Un jeune homme de vingt ans passait à cheval dans une petite vallée du Soissonnais, coupée de prairies, de bois et d'étangs, dominée par une montagne où s'agitaient et babillaient trois ou quatre moulins à vent. Le soleil disait adieu aux flèches aiguës de l'église; l'Angélus ne sonnait pas comme dans les romans, parce que le maître d'école arrosait son jardinet bordé de buis, où fleurissait sur la même ligne la ciboule et le dahlia. On entendait le cri argentin du crapaud, ce doux poëte des marais.
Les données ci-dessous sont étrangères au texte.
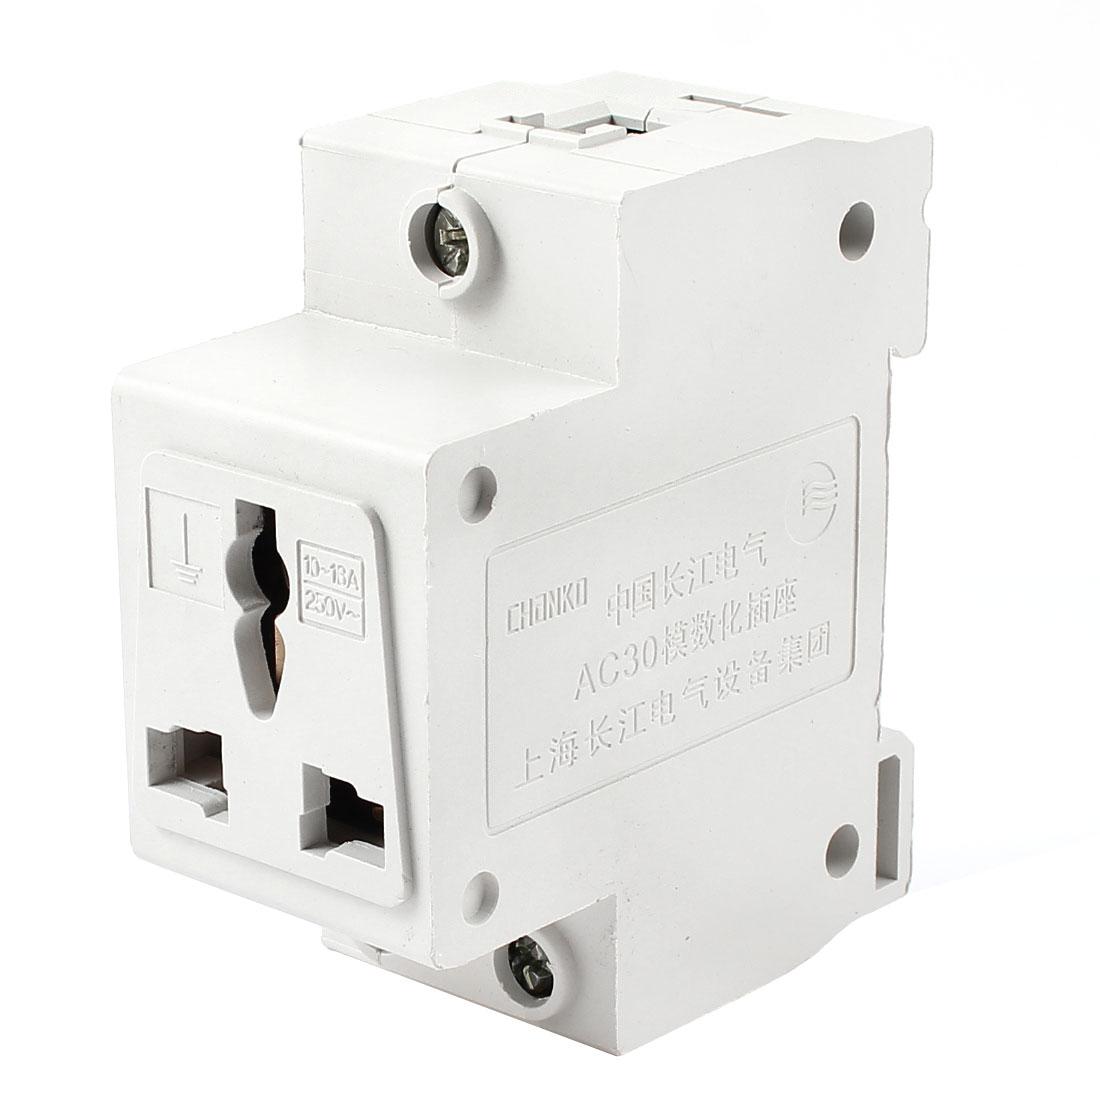 AU EU UK US Plug AC 250V 10-16 Amp 35mm DIN Rail Electrical Digit Modular Socket

Le coucou et le merle, qui avaient déjà fait leur lit sur la ramure, ne se répondaient plus qu'à de longs intervalles.

Ce jeune homme allait je ne sais où, ni lui non plus. Le cheval, tout enivré par la verte et savoureuse odeur de la luzerne fauchée, était léger comme la jeunesse; il effleurait l'herbe et dévorait l'espace. Le cavalier allait plus vite encore; il voyageait à bride abattue dans le monde idéal qui vous ouvre à vingt ans ses portes d'or et d'azur. D'où venait-il? du collège. Il n'avait pas vécu de la vie jusque-là. Il n'avait connu que les Grecs et les Romains. L'étude avait chastement veillé en sentinelle sur son coeur, comme la vestale antique dans le temple de Junon.
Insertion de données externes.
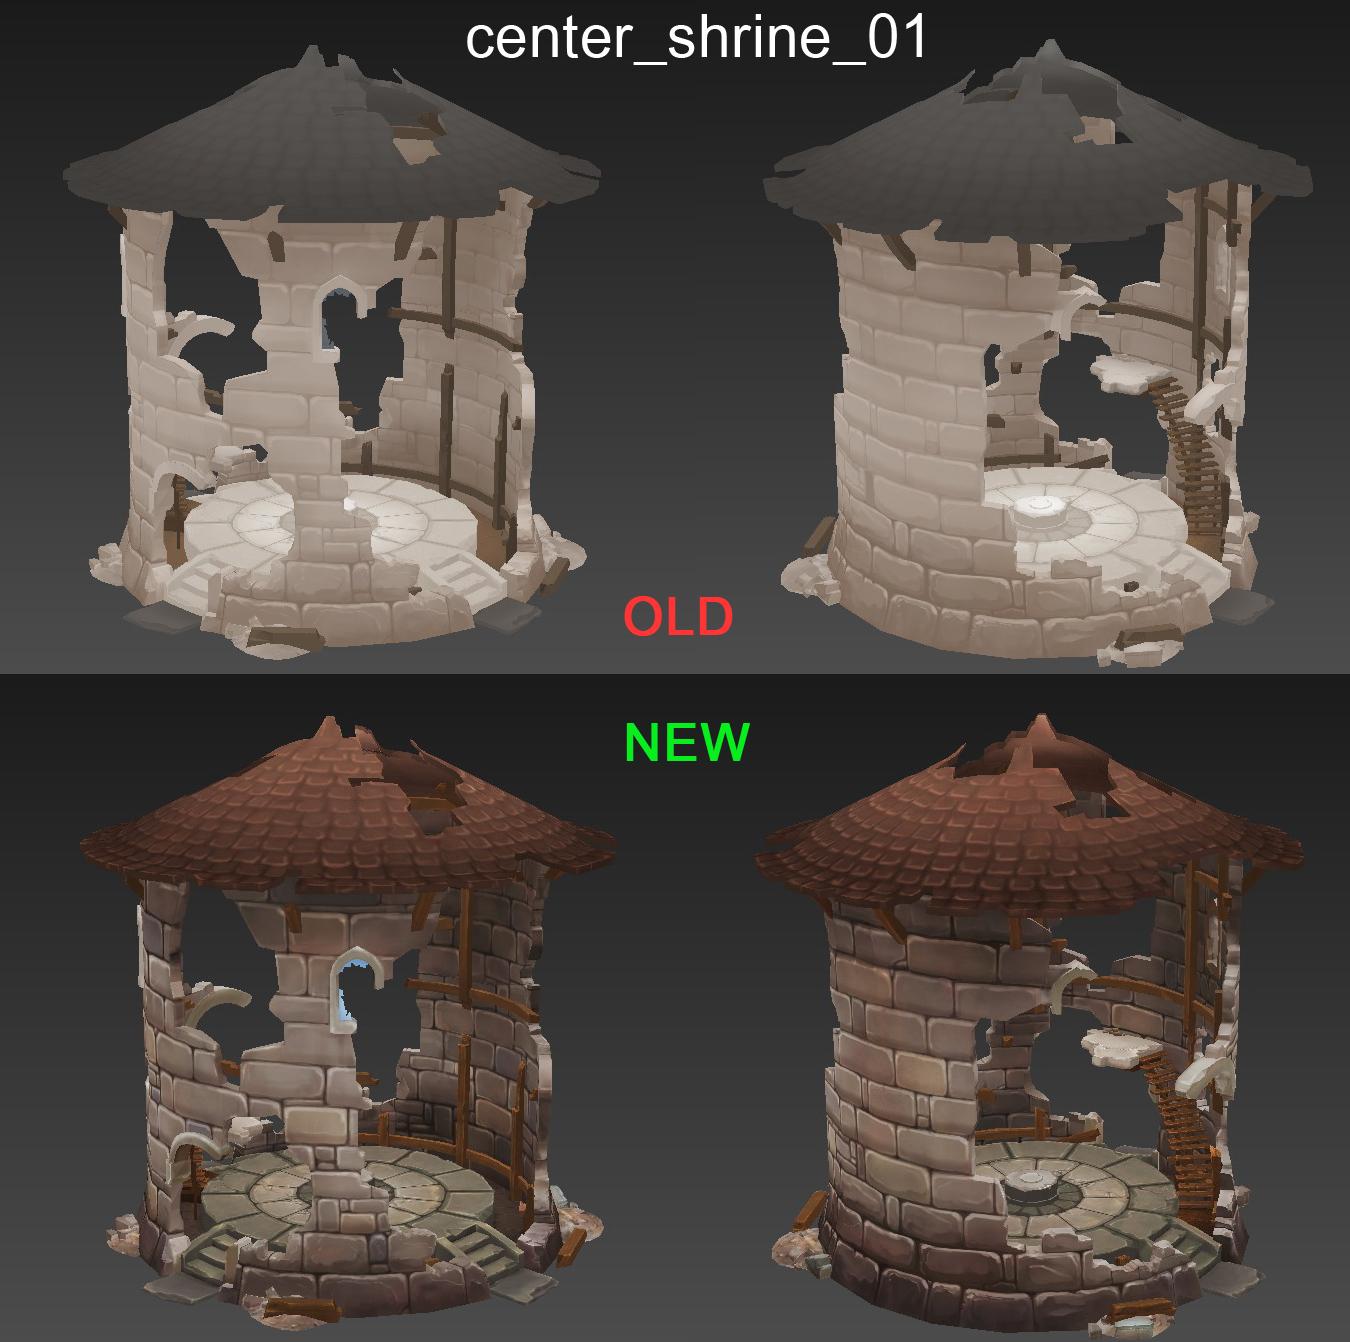 center shrine 01

Il allait vivre, enfin! La passion viendrait bientôt à lui tout échevelée avec ses fureurs divines, ses étreintes de flamme. Il avait appris à lire, mais il avait à peine entr'ouvert ce livre sacré, ce livre infernal où Dieu et Satan ont écrit leurs poëmes. Comme il ne croyait qu'à Dieu, il entr'ouvrait le livre avec confiance. Il entrait dans la vie avec la pieuse ferveur d'un chrétien qui franchit le seuil d'une église en songeant que là du moins, sous les regards des anges, des vierges et des saints qui sourient dans les vitraux ou dans les cadres, il est à l'abri des méchants.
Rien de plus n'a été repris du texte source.